:: Data for this exercise ::
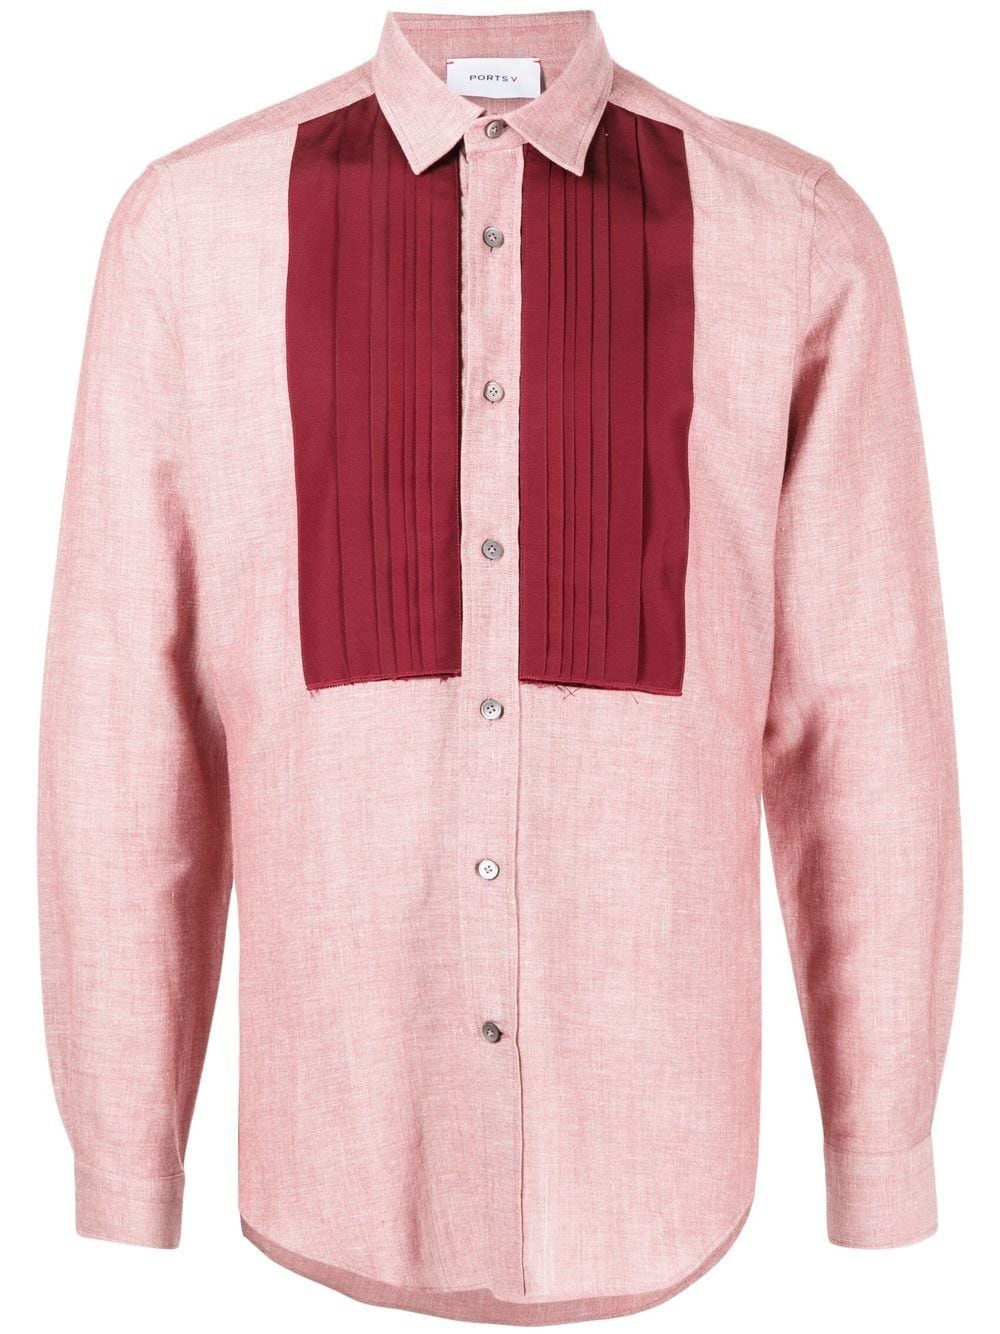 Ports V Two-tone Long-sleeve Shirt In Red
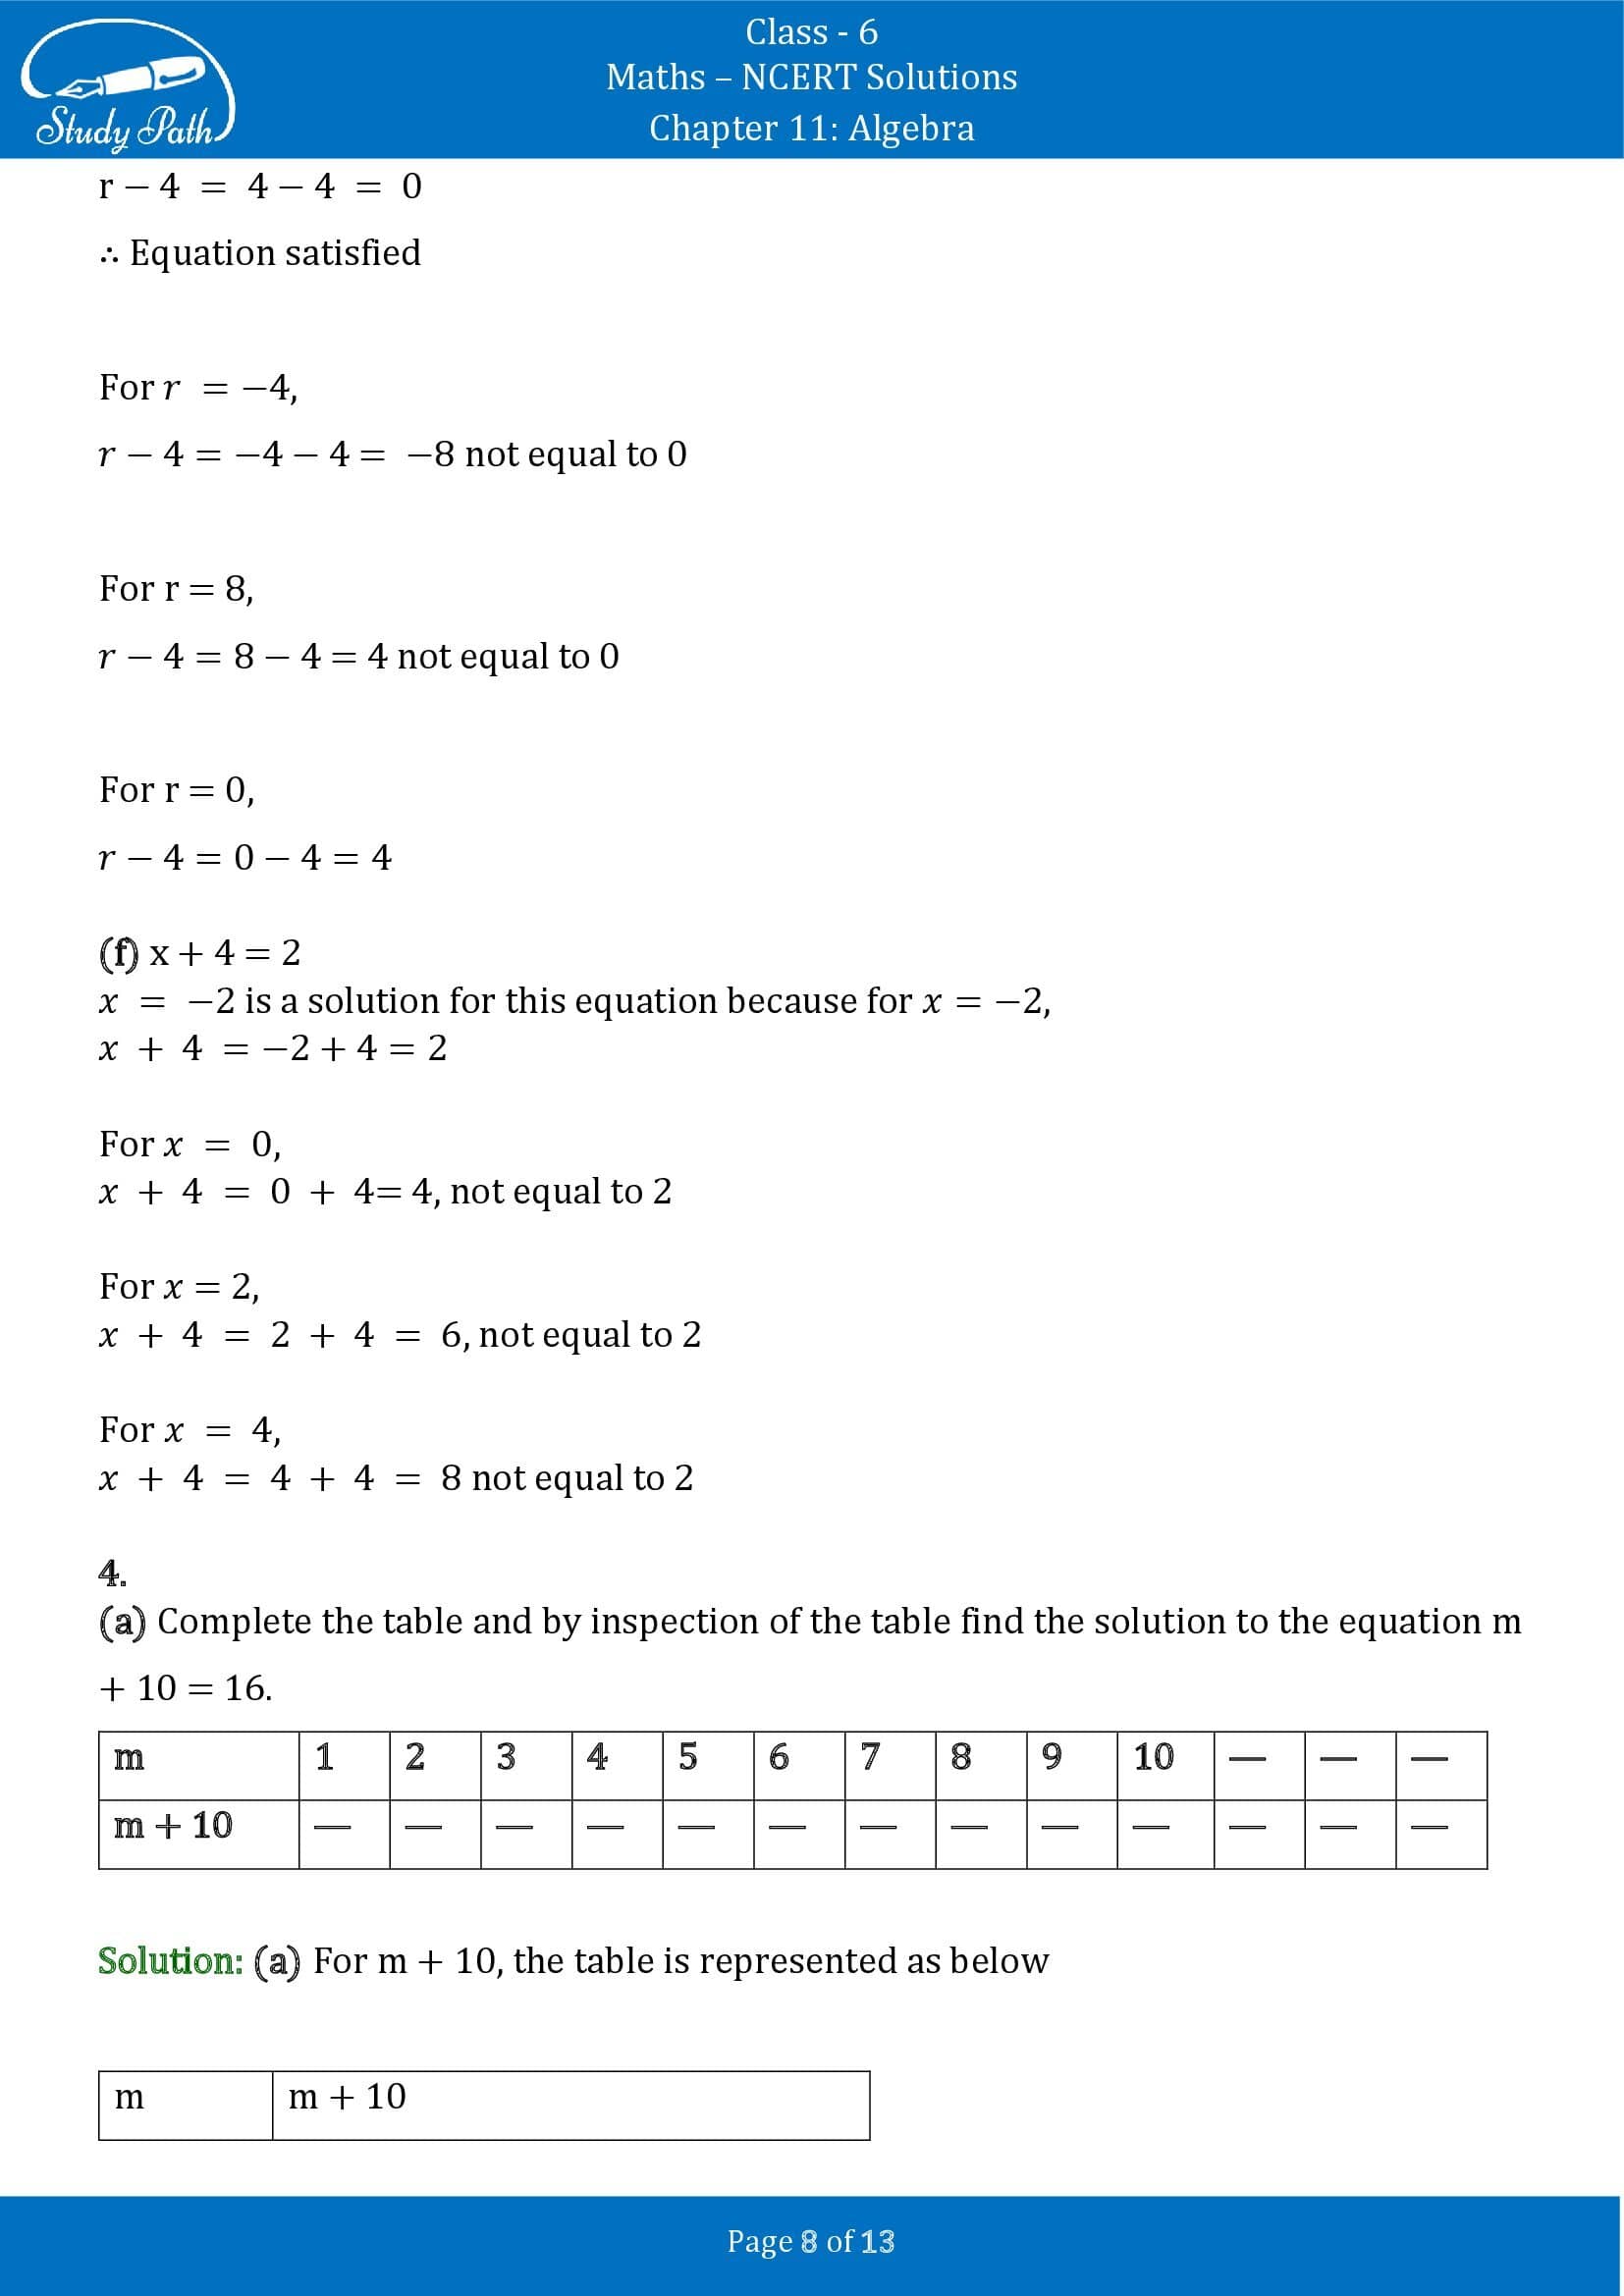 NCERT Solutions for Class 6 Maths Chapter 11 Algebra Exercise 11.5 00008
:::
:: Data for this exercise ::
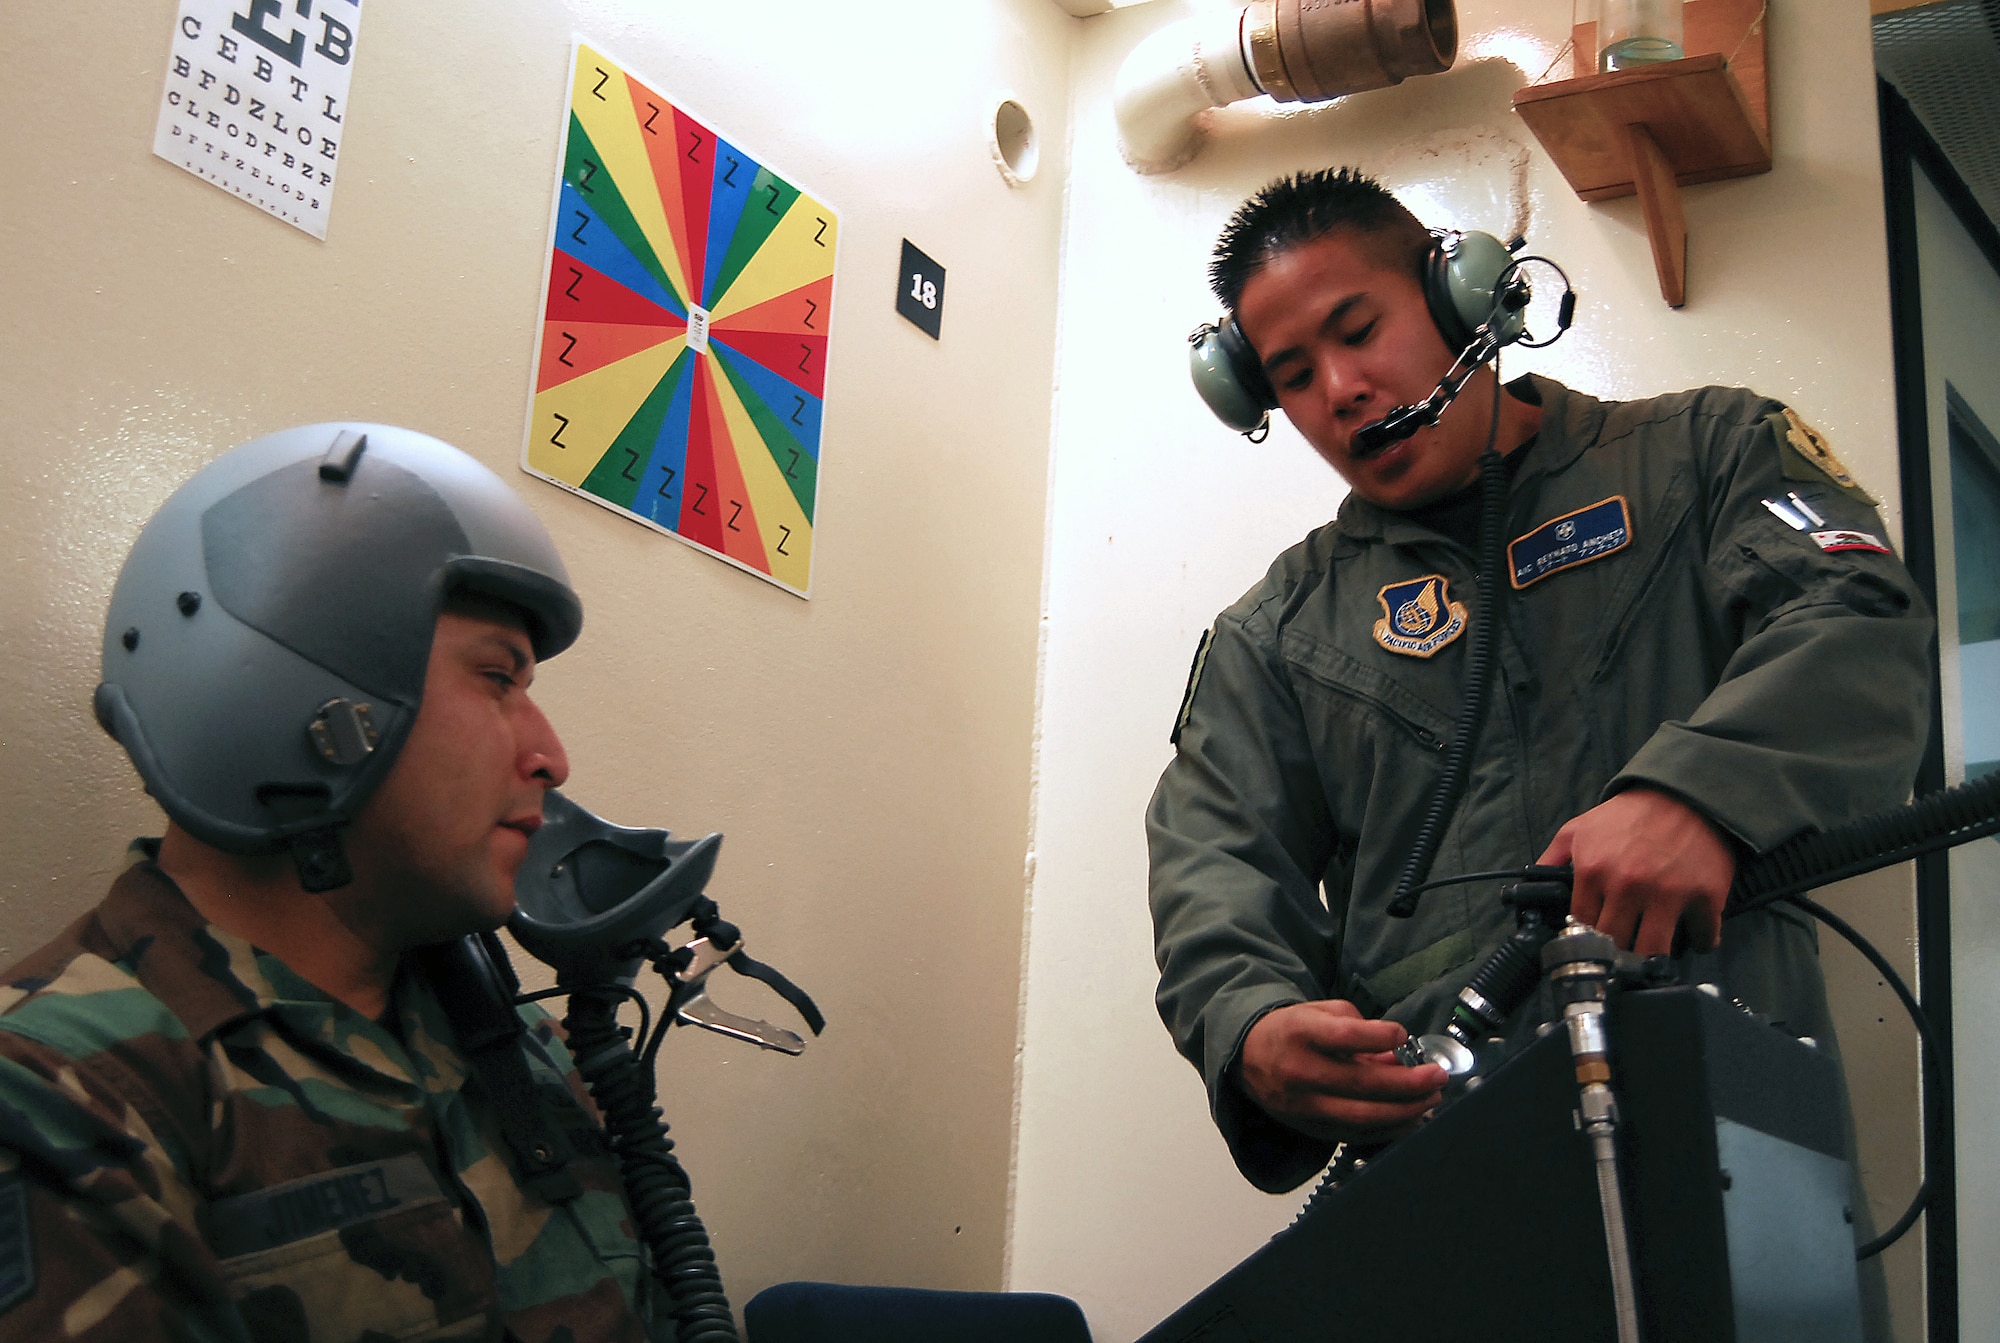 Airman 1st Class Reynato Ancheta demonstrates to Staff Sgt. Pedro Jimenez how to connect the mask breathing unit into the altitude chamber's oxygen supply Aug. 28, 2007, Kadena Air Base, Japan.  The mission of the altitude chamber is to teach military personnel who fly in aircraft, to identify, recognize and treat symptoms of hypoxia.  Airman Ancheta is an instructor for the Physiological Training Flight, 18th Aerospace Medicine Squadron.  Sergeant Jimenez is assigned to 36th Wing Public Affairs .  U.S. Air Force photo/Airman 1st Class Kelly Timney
:::
:: Data for this exercise ::
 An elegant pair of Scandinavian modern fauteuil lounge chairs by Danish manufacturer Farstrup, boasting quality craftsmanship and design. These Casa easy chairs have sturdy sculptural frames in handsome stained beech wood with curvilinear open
:::
Copy only these lines from the records above, exactly: the one with "Ports V Two-tone Long-sleeve Shirt In Red", the one with "NCERT Solutions for", and those between. Skip the pictures.

• _Answer below_
 Ports V Two-tone Long-sleeve Shirt In Red
 NCERT Solutions for Class 6 Maths Chapter 11 Algebra Exercise 11.5 00008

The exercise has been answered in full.